George Weigel characterizes Pope Francis a “revolutionary,” but insists that he is not a revolutionary in the ways most observers have suggested.
Weigel writes, “The pope is passionately concerned about the poor, and he knows that poverty in the 21st century takes many forms. It can be found in the grinding material poverty of his native Buenos Aires, caused by decades of corruption, indifference, and the church’s failures to catechize Argentina’s economic and political leaders. But poverty can also be found in the soul-withering spiritual desert of those who measure their humanity by what they have rather than who they are, and who judge others by the same materialist yardstick. Then there is the ethical impoverishment of moral relativism, which dumbs down human aspiration, impedes common work for the common good in society, and inevitably leads to social fragmentation and personal unhappiness.”

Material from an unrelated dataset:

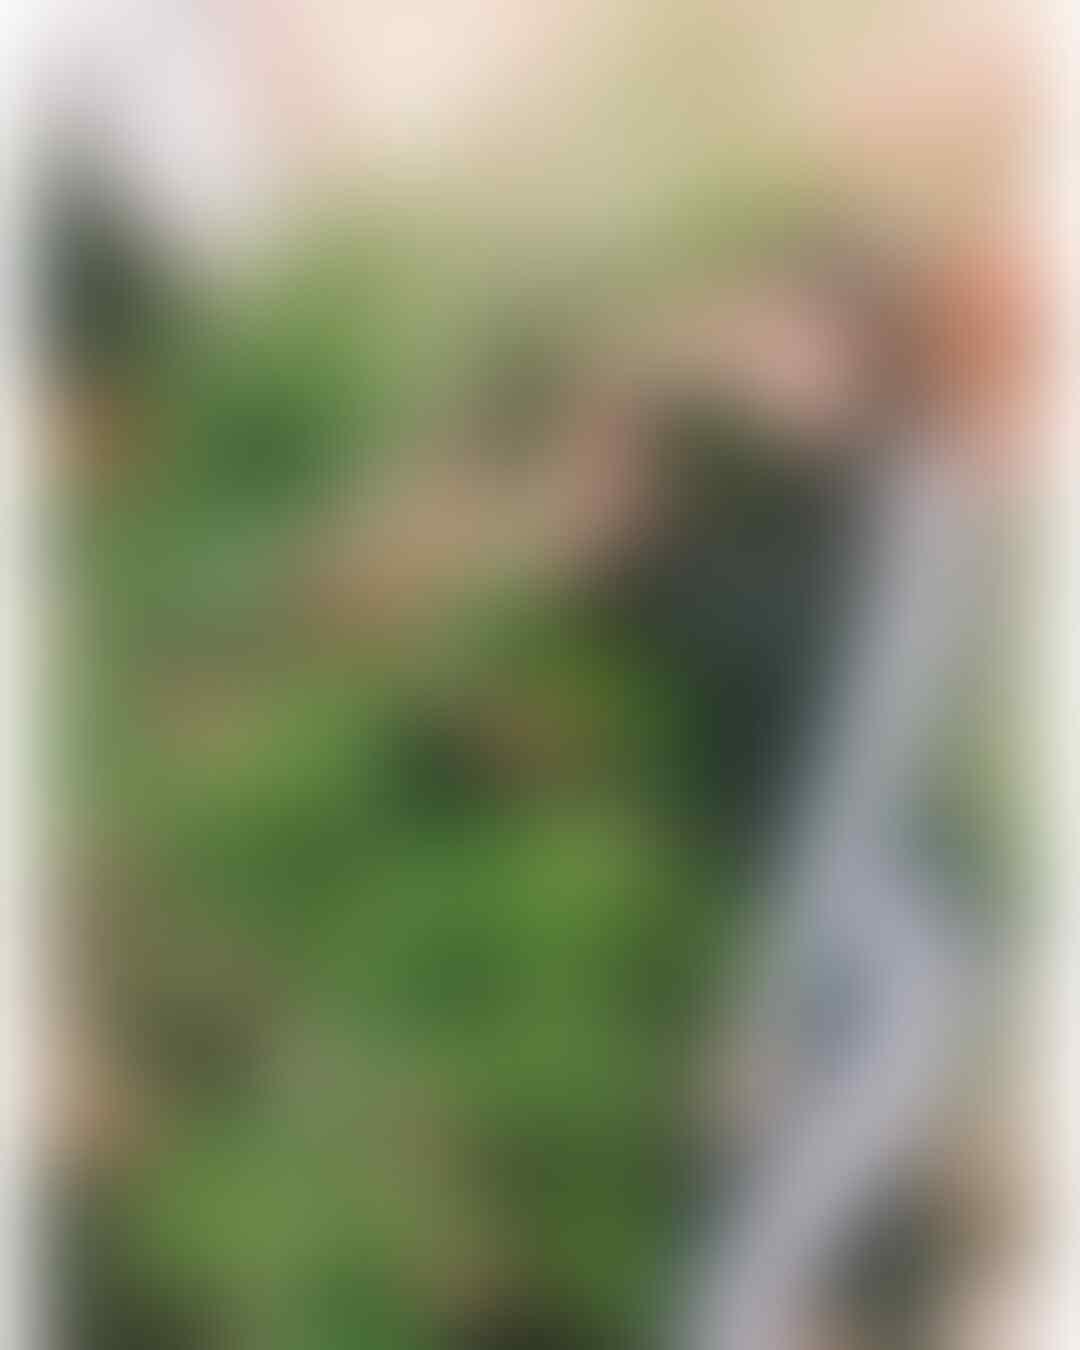 10 Foto Terbaru Pamela Safitri Duo Serigala, Bikin Susah Fokus

Francis is not anti-business. Weigel says, “he knows that ‘business is a vocation and a noble vocation,’ if ordered to the common good and the empowerment of the poor. When he criticizes the social, economic or political status quo, he does so as a pastor who is ‘interested only in helping all those who are in thrall to an individualistic, indifferent and self-centered mentality to be freed from those unworthy chains and to attain a way of living and thinking that is more humane, noble, and fruitful.’”
The revolution he advances is not economic or political, but “a revolution in the self-understanding of the Catholic Church: a re-energizing return to the pentecostal fervor and evangelical passion from which the church was born two millennia ago, and a summons to mission that accelerates the great historical transition from institutional-maintenance Catholicism to the Church of the New Evangelization.”
Weigel, in short, thinks that the current Pope is committed to much the same agenda as Weigel himself. Francis is an evangelical Catholic, deeply converted, deeply committed to evangelizing and pastoring the late modern world.